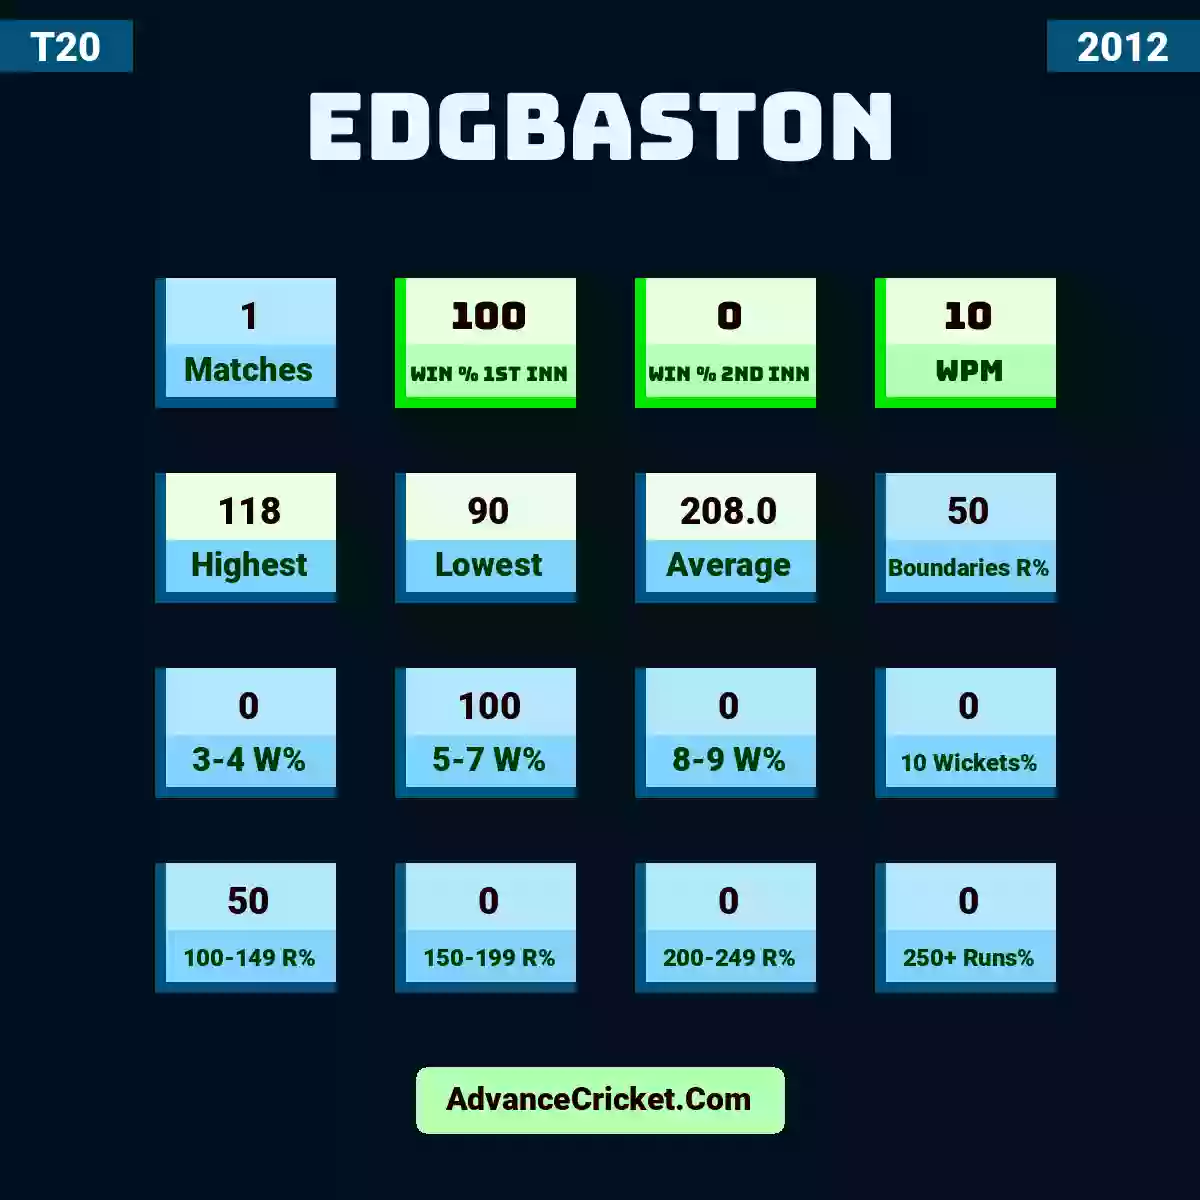 Image showing Edgbaston with Matches: 1, Win % 1st Inn: 100, Win % 2nd Inn: 0, WPM: 10, Highest: 118, Lowest: 90, Average: 208.0, Boundaries R%: 50, 3-4 W%: 0, 5-7 W%: 100, 8-9 W%: 0, 10 Wickets%: 0, 100-149 R%: 50, 150-199 R%: 0, 200-249 R%: 0, 250+ Runs%: 0.
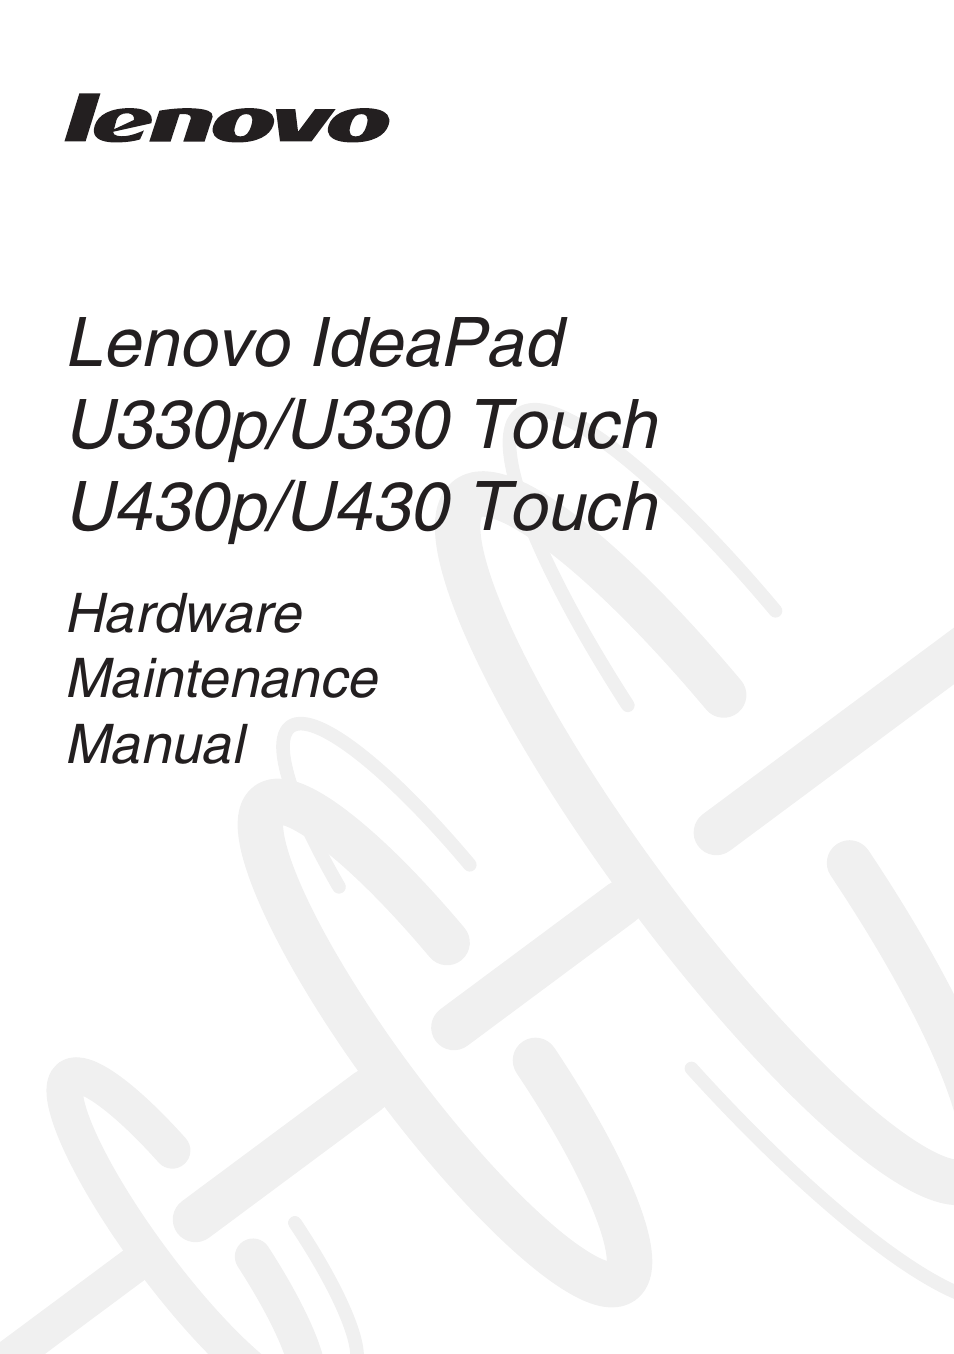 Lenovo IdeaPad U330 Touch Notebook User Manual | 91 pages | Also for:  IdeaPad U430p Notebook, IdeaPad U330p Notebook, IdeaPad U430 Touch Notebook
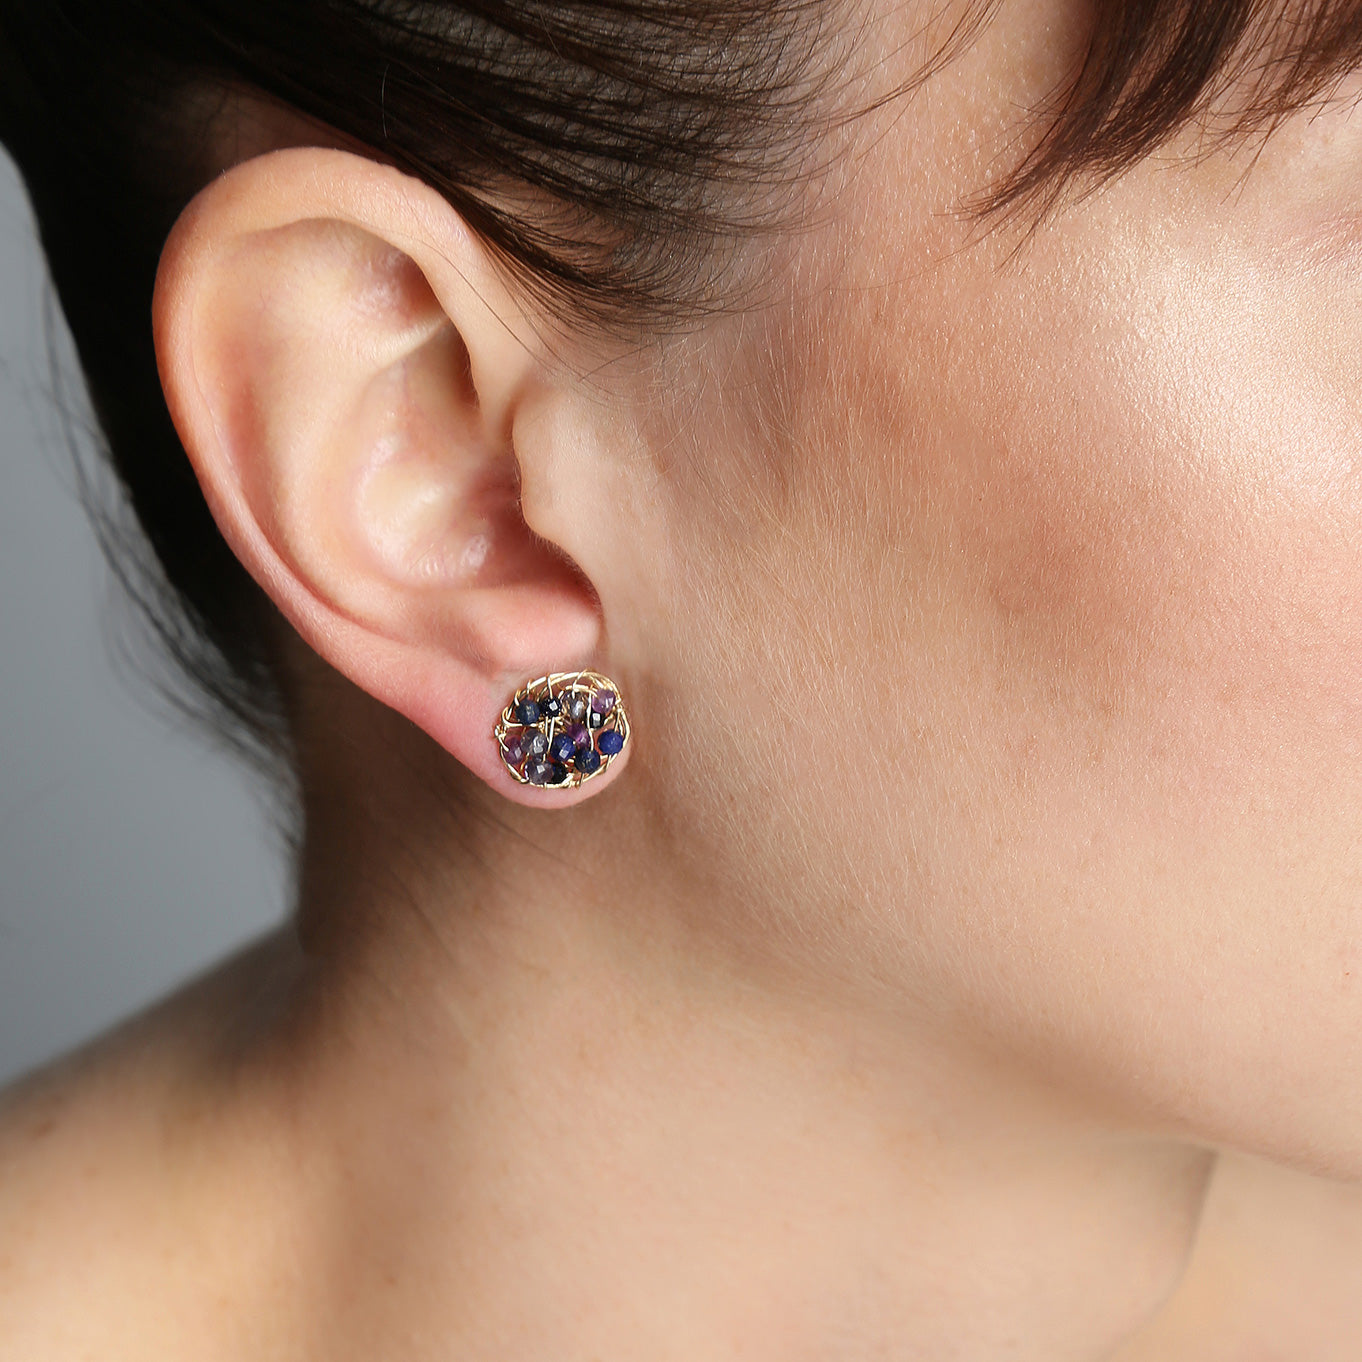 Aura Stud Earrings #1 (10mm) - Blue Mix Gems Earrings TARBAY   
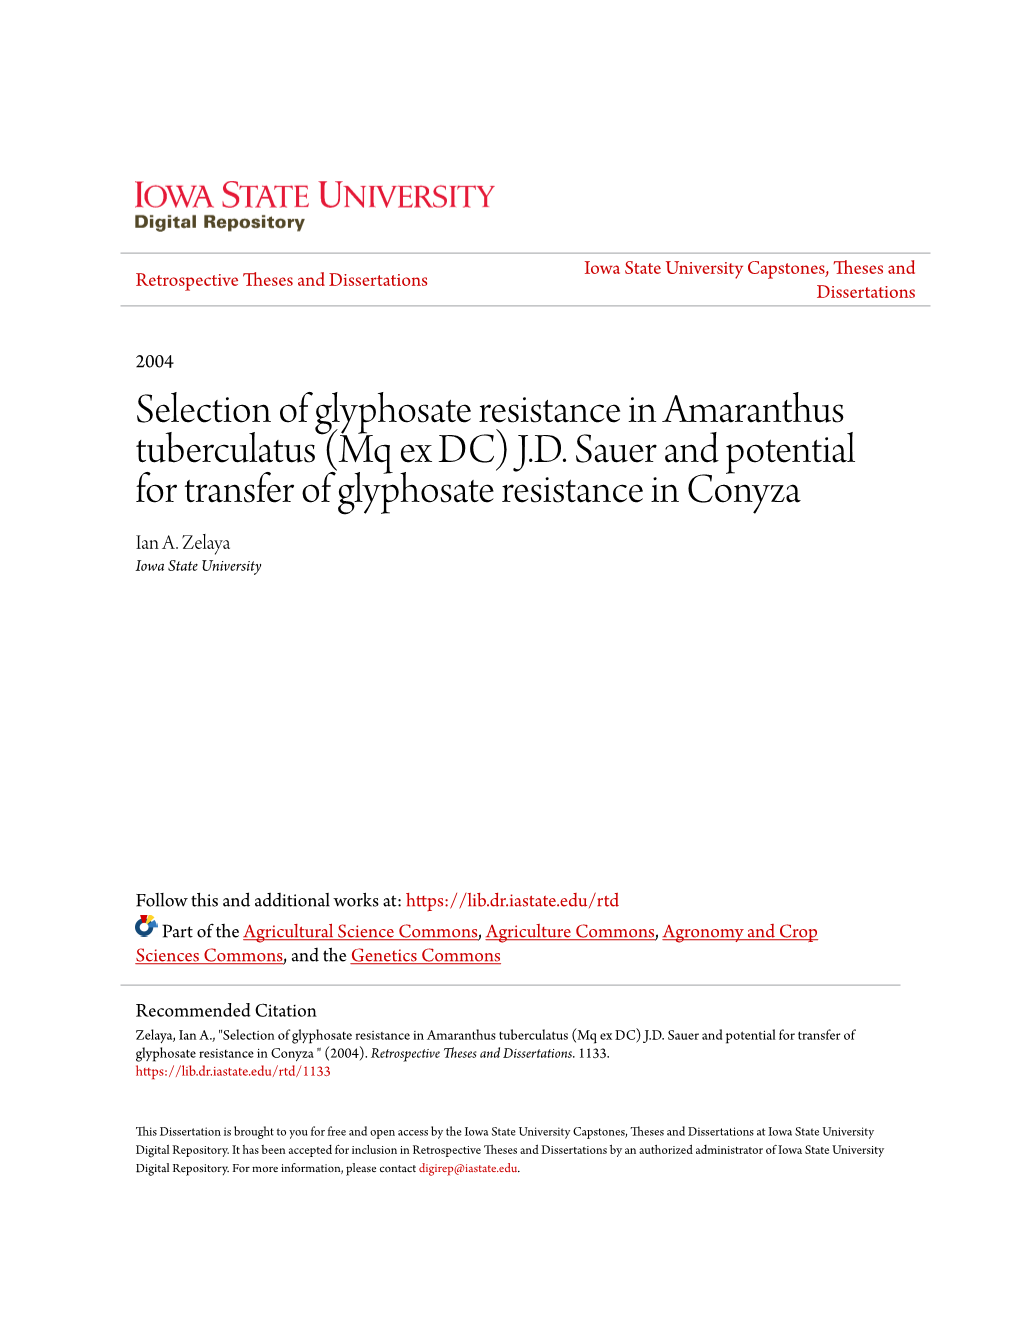 Selection of Glyphosate Resistance in Amaranthus Tuberculatus (Mq Ex DC) J.D

++++++++++

Take the lines from the one containing "Lenovo IdeaPad U330" through the final line of the listing above and print them exactly, including both ends but no pictures.

 Lenovo IdeaPad U330 Touch Notebook User Manual | 91 pages | Also for:  IdeaPad U430p Notebook, IdeaPad U330p Notebook, IdeaPad U430 Touch Notebook
 Aura Stud Earrings #1 (10mm) - Blue Mix Gems Earrings TARBAY   
 Selection of Glyphosate Resistance in Amaranthus Tuberculatus (Mq Ex DC) J.D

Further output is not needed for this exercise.